Que ne m’a-t-il écouté en mars, nous aurions tous gagné sept mois… Les Français, surtout, car, après plus d’un an à l’Intérieur, il nous dit que la situation s’est « très dégradée ». La faute à qui? Et le voilà qui part en déclarant qu’il « craint » que « demain, on vive face à face ».
Il estime que, pour le moment, on vit « côte à côte »…
Donc il reconnaît que le « vivre ensemble », c’est du pipeau. La réalité, c’est en effet qu’on vit déjà les uns à côté des autres. On se côtoie – le moins possible –, on se supporte – de moins en moins –, et on sait que ça se terminera comme dans les westerns: c’est le premier qui dégainera et qui saura viser qui s’en sortira.
Au printemps, une vidéo a tourné en boucle : on y voyait des tirs de kalachnikov dans la cité de la Busserine, dans les quartiers nord de Marseille, et des policiers mis en joue. La violence s’accroît rudement chez vous.
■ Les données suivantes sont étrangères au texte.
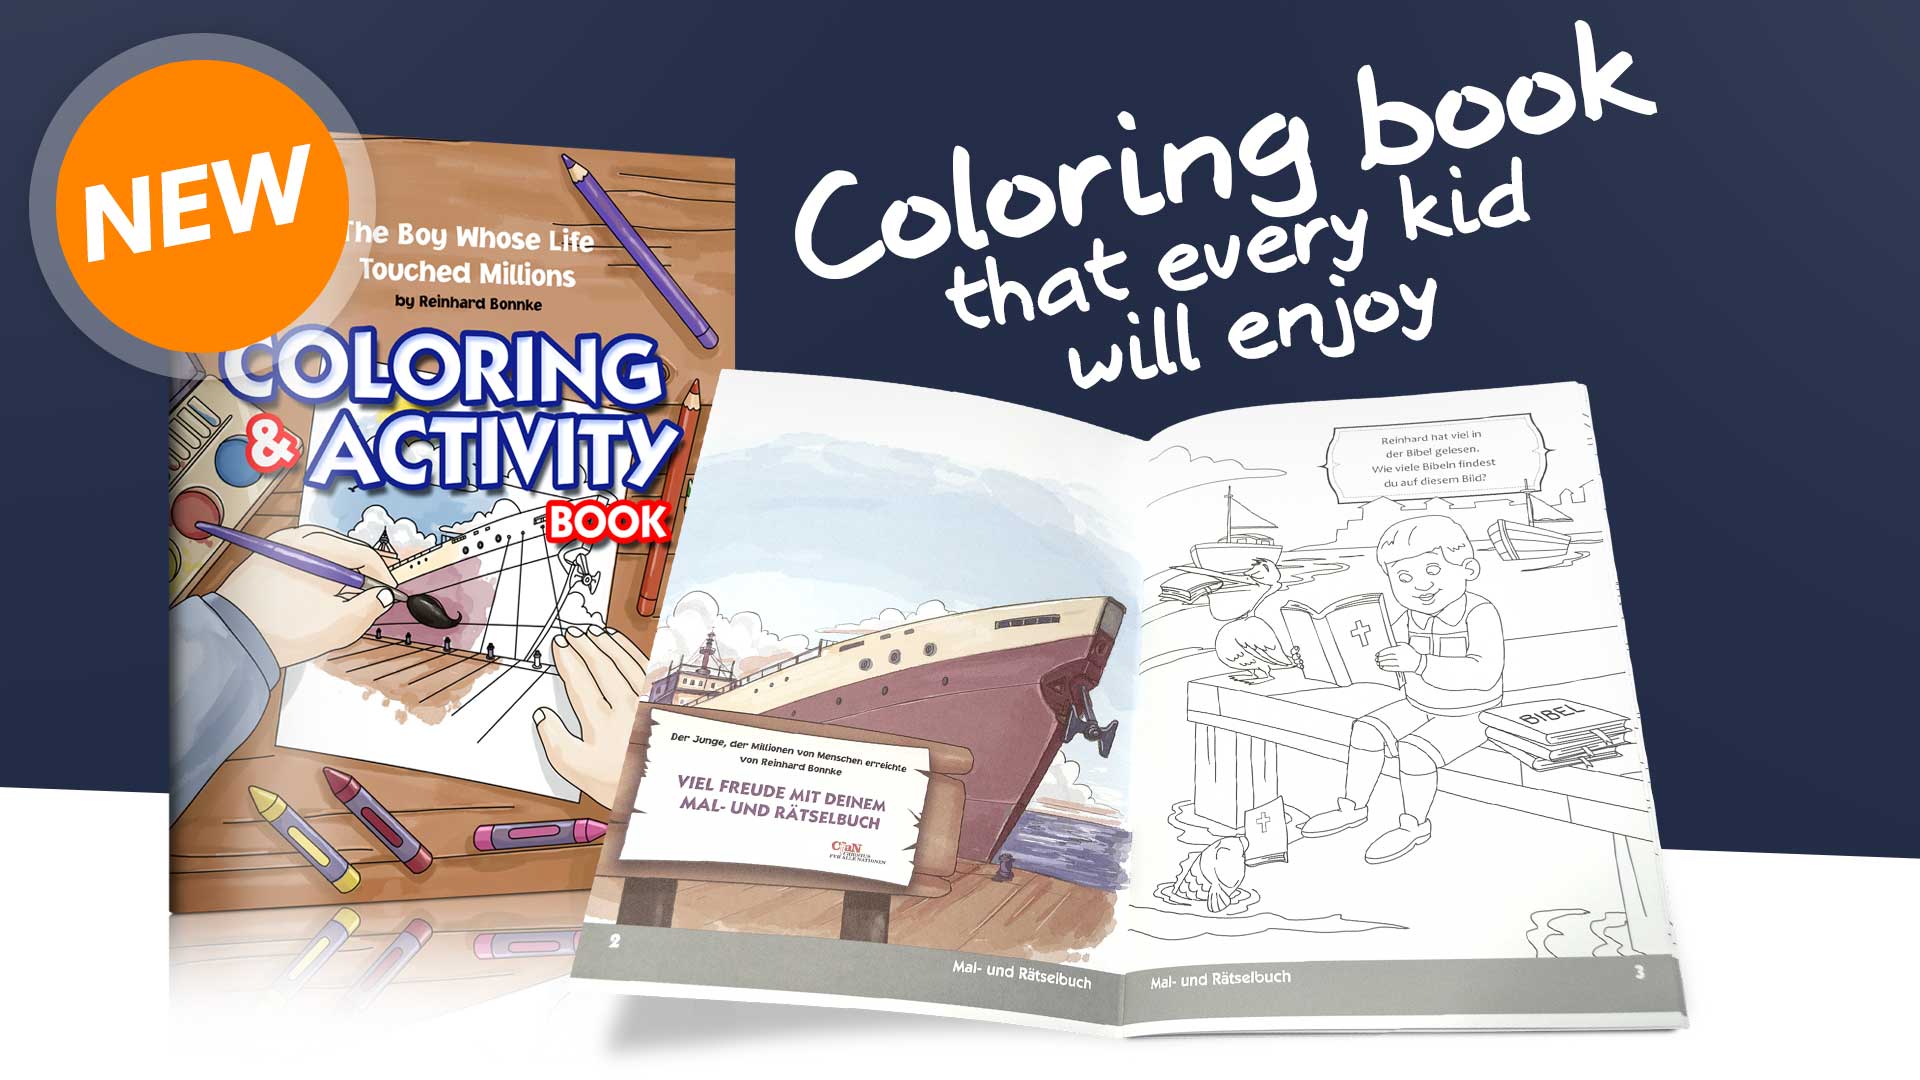 Colorbook - The Boy Whose Life touched Millions by Reinhard Bonnke

Cette fusillade en plein jour a épouvanté les médias parisiens, mais moi qui étais maire de ce secteur et en reste l’élu, ça ne m’a pas surpris. Quand ça ne tire pas à la Busserine, ça tire à la Paternelle ou ailleurs. Mais quand il n’y a pas d’images, on ne s’en émeut pas! L’État a démissionné, et, la nature ayant horreur du vide, il a laissé la place à tous les trafics, à toutes les démarches de sécession. Le trafic de drogue a pris possession de dizaines de cités. Je parle bien de dizaines et je n’exagère pas: avant de quitter Marseille, un peu comme Collomb quittant la place Beauvau, le procureur Dallest nous a confié, mais peut-être devrais-je dire avoué, qu’il y avait au moins une quarantaine de cités marseillaises où le trafic de drogue régnait en maître.
Et on ne fait rien?
L’État recule, quand il ne se met pas à plat ventre. Un policier me disait récemment: « Vous savez, on aimerait venir dans les quartiers nord, mais nous avons consigne de ne pas le faire. » Mi septembre, un équipage est tout de même entré dans la cité des Lauriers, une cité qui bénéficie de la politique de la ville, où on a cassé des tours, où on a ouvert des voies, où on est en train de faire un terrain de foot de luxe, bref, où l’argent public coule à fots. Les policiers ont été pris à partie par une quarantaine de crapules. L’un des policiers m’a dit: « On s’est vu mourir ». Ils n’ont dû leur salut qu’à leur sang-froid. Ils ont eu la présence d’esprit de tirer en l’air pour se dégager. Imaginez s’ils avaient tiré à l’horizontale plutôt qu’à la verticale ! Quand ils arrivent à arrêter quelques dealers dans une situation dangereuse, on leur dit qu’ils n’ont pas été missionnés pour cela. Que si ça avait « dérapé », ils en auraient porté la responsabilité ! Leur hiérarchie les soutient comme la corde soutient le pendu.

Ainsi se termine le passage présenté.